Department of Chemistry , University of Minnesota-Twin Cities , 207 Pleasant Street SE , Minneapolis , Minnesota 55455 , United States.
Org Lett. 2019 Aug 2;21(15):6149-6154. doi: 10.1021/acs.orglett.9b02331. Epub 2019 Jul 24.
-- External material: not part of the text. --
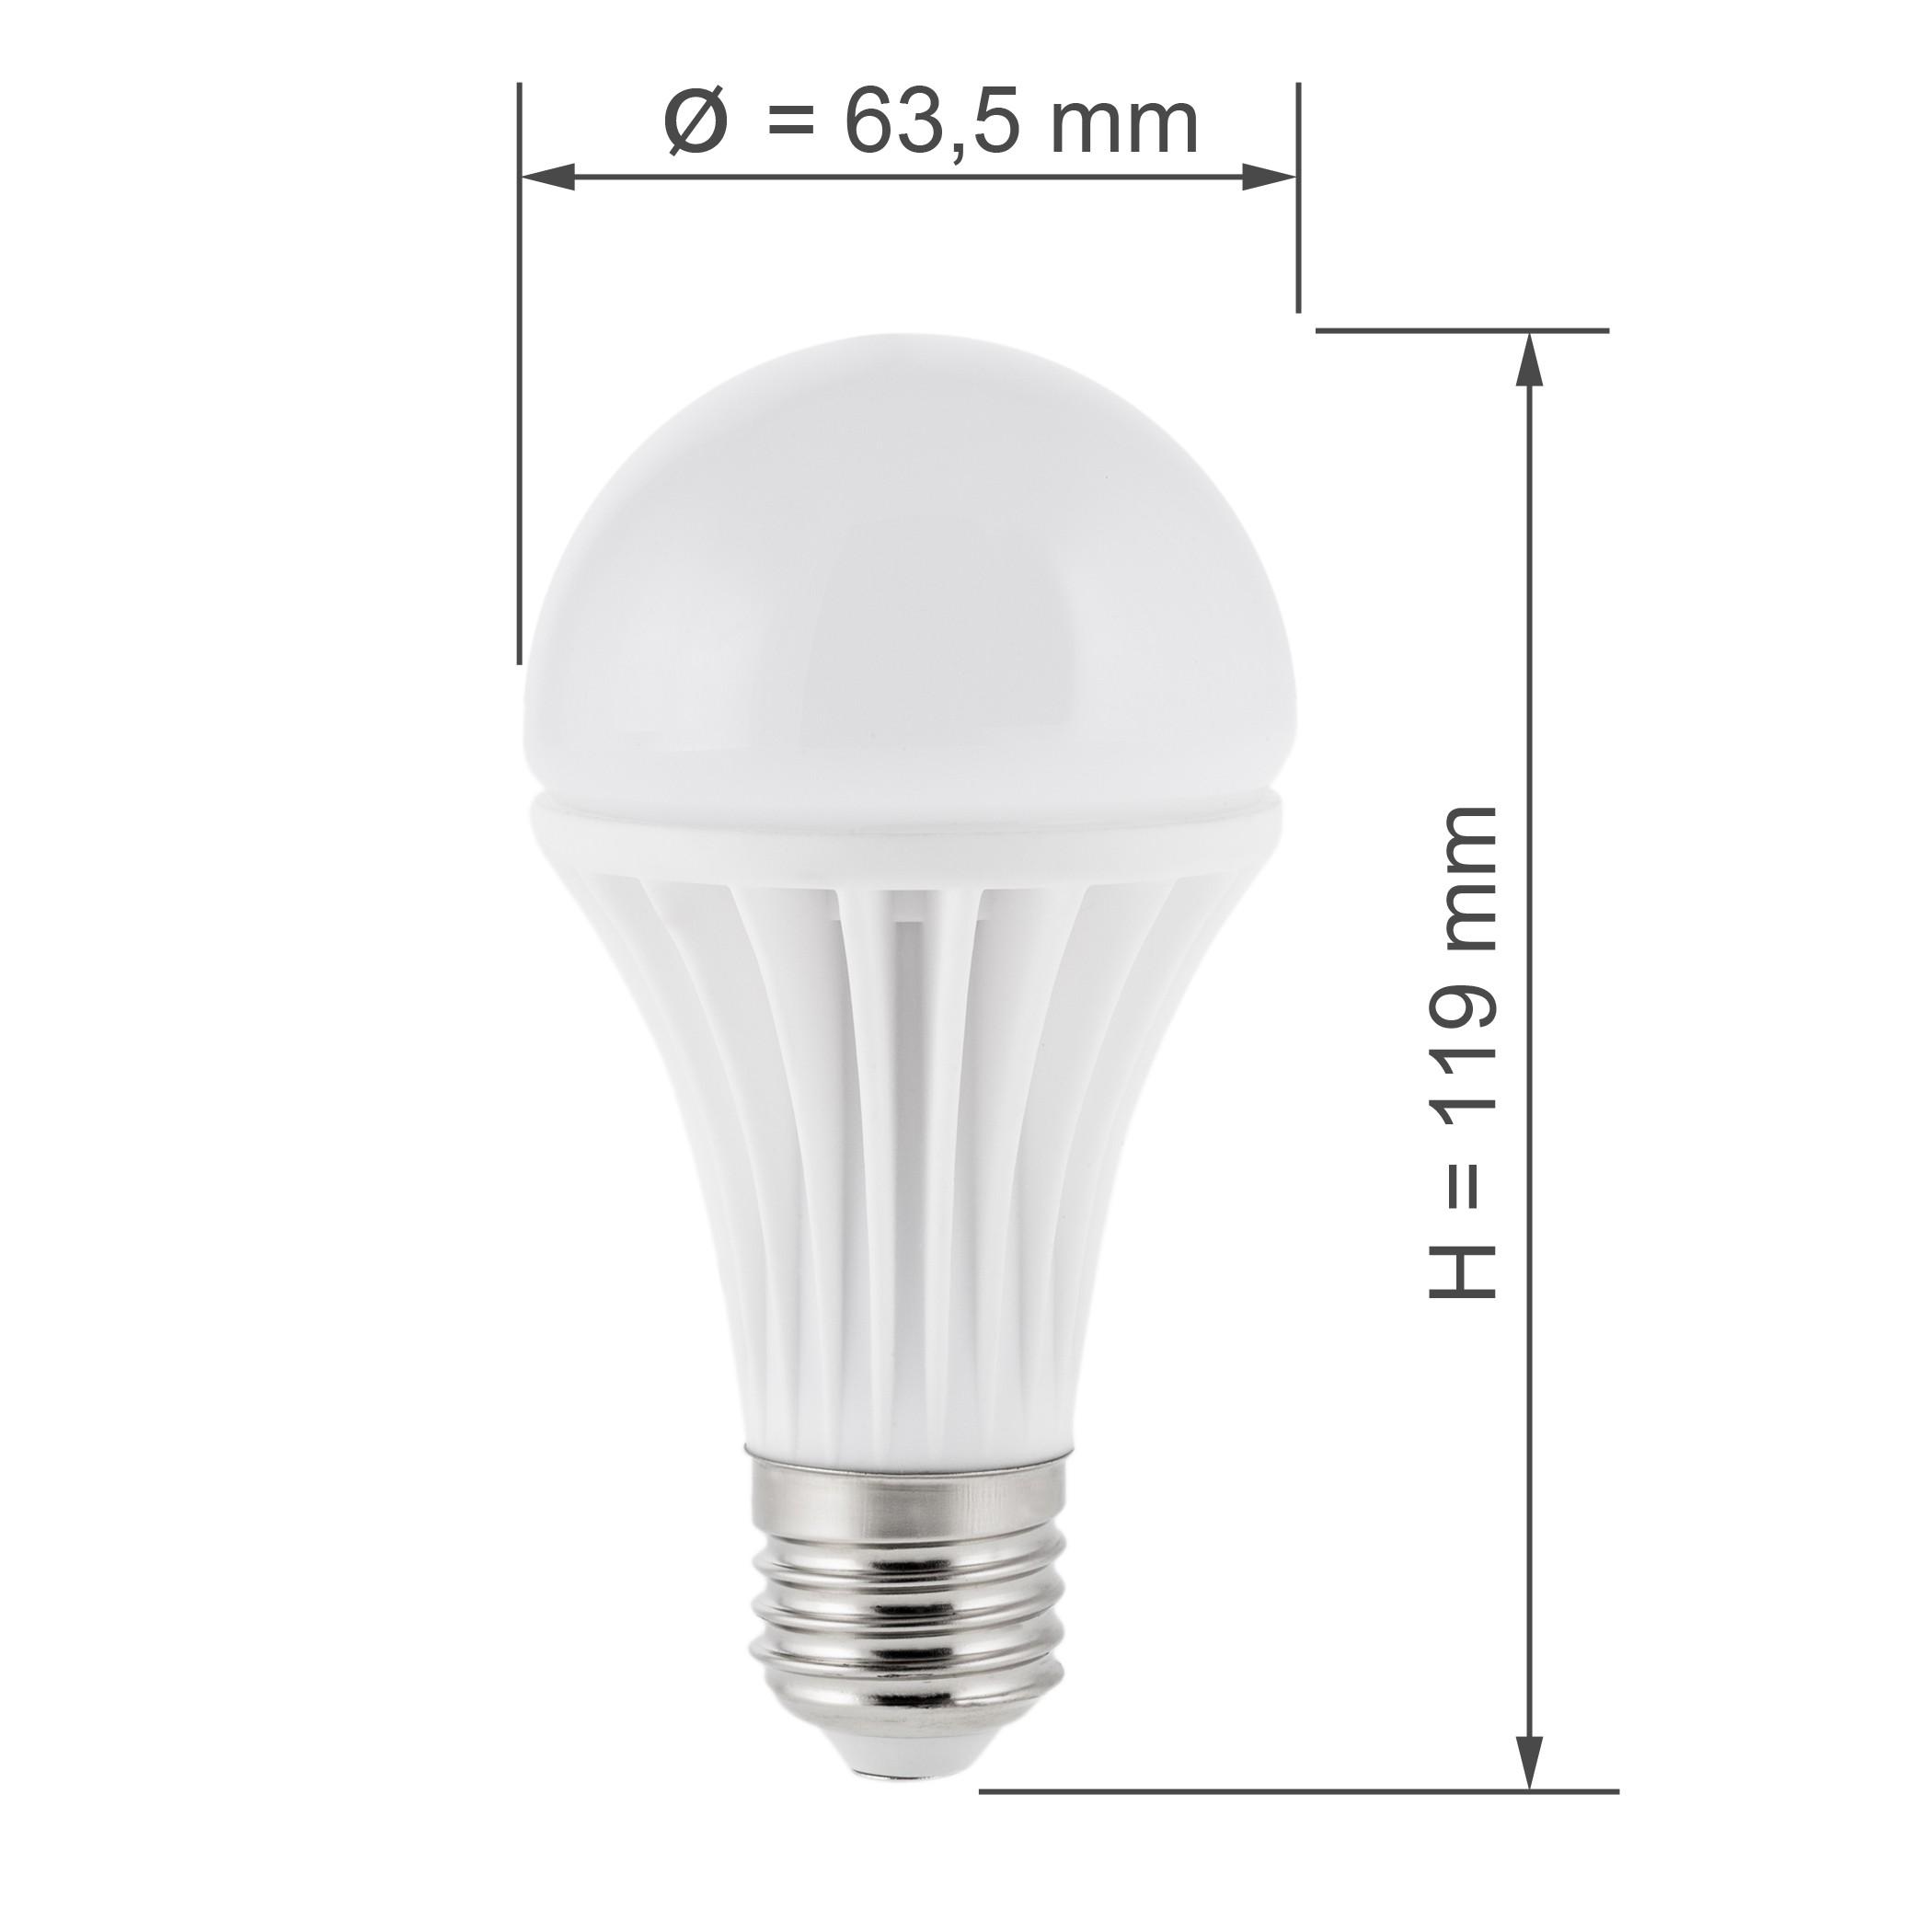 E27-A65-12W---30 Schöne Led Lampen E27 60 Watt Dekorationen

The diazatricyclic core of the madangamine alkaloids was synthesized from a densely functionalized cyclohexane derivative. An alkene and two cyanoformamide groups are used to form two new rings and a new quaternary stereocenter in a cascade reaction, which involves two Pd-catalyzed C-C bond activation steps. The synthesis of the cascade precursor involves an intramolecular Staudinger reaction of a vicinal diester that gives a [3.2.1]azabicyclooctane derivative, allowing the regioselective introduction of a monosubstituted alkene.
马当胺生物碱的二氮杂环庚烷核心是由一个高度官能化的环己烷衍生物合成的。在级联反应中,一个烯烃和两个氰基甲酰胺基团形成两个新环和一个新的季立体中心,涉及两个 Pd 催化的 C-C 键活化步骤。级联前体的合成涉及一个邻位二酯的分子内斯塔丁格反应,生成[3.2.1]氮杂双环辛烷衍生物,允许区域选择性地引入单取代烯烃。